In c.1765, James Cox made a clock that is wound by changes in atmospheric pressure. Similar is the Atmos clock, which has gas-filled bellows which expand and contract with changes in the surrounding air temperature and pressure – this movement winds the spring in the clock. This has been a very successful design – it was first introduced in 1928 and it is still being made. There was even a mechanical clock made to be powered by by an artificial heat source (see image).
Electrical clocks and watches employ electrical energy. We might provide this by putting in a fresh battery (which is a reserve of chemical potential energy), although sometimes the battery is rather larger than the clock it powers!
Mains powered clocks often do not have a built-in energy reserve and so these are reliant on a continuous supply to keep going. Solar powered clocks and watches use solar panels to convert light to electricity, which then charges a battery – this reserve is essential as the power source is not reliable – e.g. day and night.
So, those are a few examples of how clocks and watches can obtain the energy they need. Of all the types of energy I can think of, only sound and atomic energy have not been not used to directly power clocks and watches. As to how they exploit the energy… well that is another story altogether… maybe for a later post!
It’s for the birds
This post was written by James Nye
Some pigeon racers were cheats. This was the shocking brief given to the Skymaster Clock team in the 1950s when refining their latest patent racing clock.
It was a serious business for the 100,000 registered pigeon fanciers in Britain, and rigid standards were enforced. Defeating the few cheats involved some inspired horology, and when I heard how clever the solution was, I wanted to share it here. But first, let’s understand the basics.
The Skymaster clock contains a 7-jewelled platform escapement movement, coupled to an inked ribbon stamping mechanism (like a time-recorder) which presses a paper tape against an internal mirror image dial (in relief), recording the time a returning pigeon’s identifying ring is inserted.
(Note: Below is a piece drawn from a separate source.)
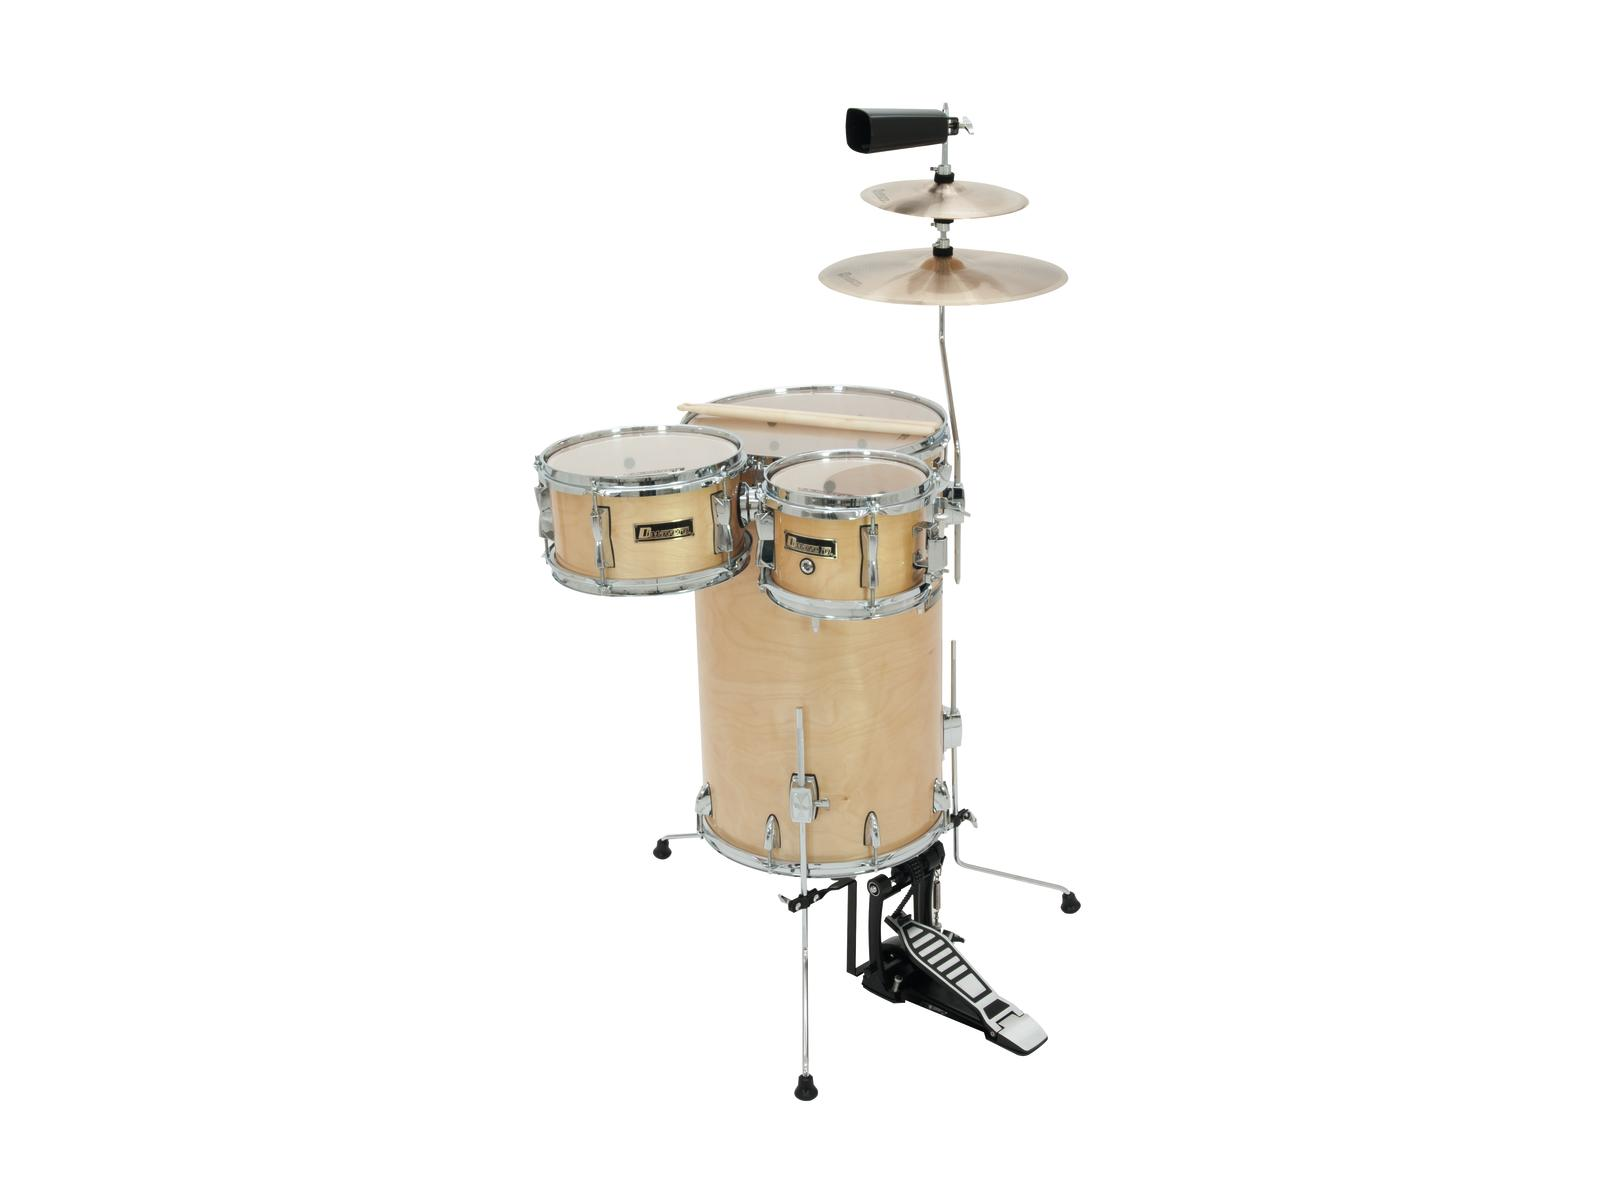 Batteria acustica, percussioni set Cocktail, 5 pezzi, acero DIMAVERY CD

Races are won by seconds. Pigeon clocks are meticulously checked and every option to cheat is blocked. But unscrupulous fanciers had come to believe that platform escapement clocks could have their rates meaningfully altered, for example by swinging the clock in the same plane as the balance, so that they might both retard the locked clock (ideal before the pigeon arrives) and advance it (needed once the pigeon is back) to get it back to time before being examined by an official.
The effectiveness of these methods is uncertain but, nevertheless, Eric Moss and Bruce Alexander of Smiths were compelled to devise a brilliant solution for the Skymaster – called the ‘Dolometer’. They based it on an electro-mechanical car clock, in which typically an inverted-Sully escapement (electrically driven) advances the train. See an animation here. They removed the magnetic drive, and relied on the overall motion of the clock to drive the Dolometer – thus the dial reveals the degree of any shaking.
Calibrate for ‘normal’ activity (the natural joggling of a journey home to the loft, plus a margin for error) and if the Dolometer shows an excess, you have detected a naughty pigeon fancier’s attempted fraud. Bruce Alexander carried a dolometer for days – even cycled with it – to work out what a normal reading would be.
This seems to me to have been inspired thinking on the part of the designers. And it inspired me to acquire a Skymaster so that I could dismantle and photograph it for you.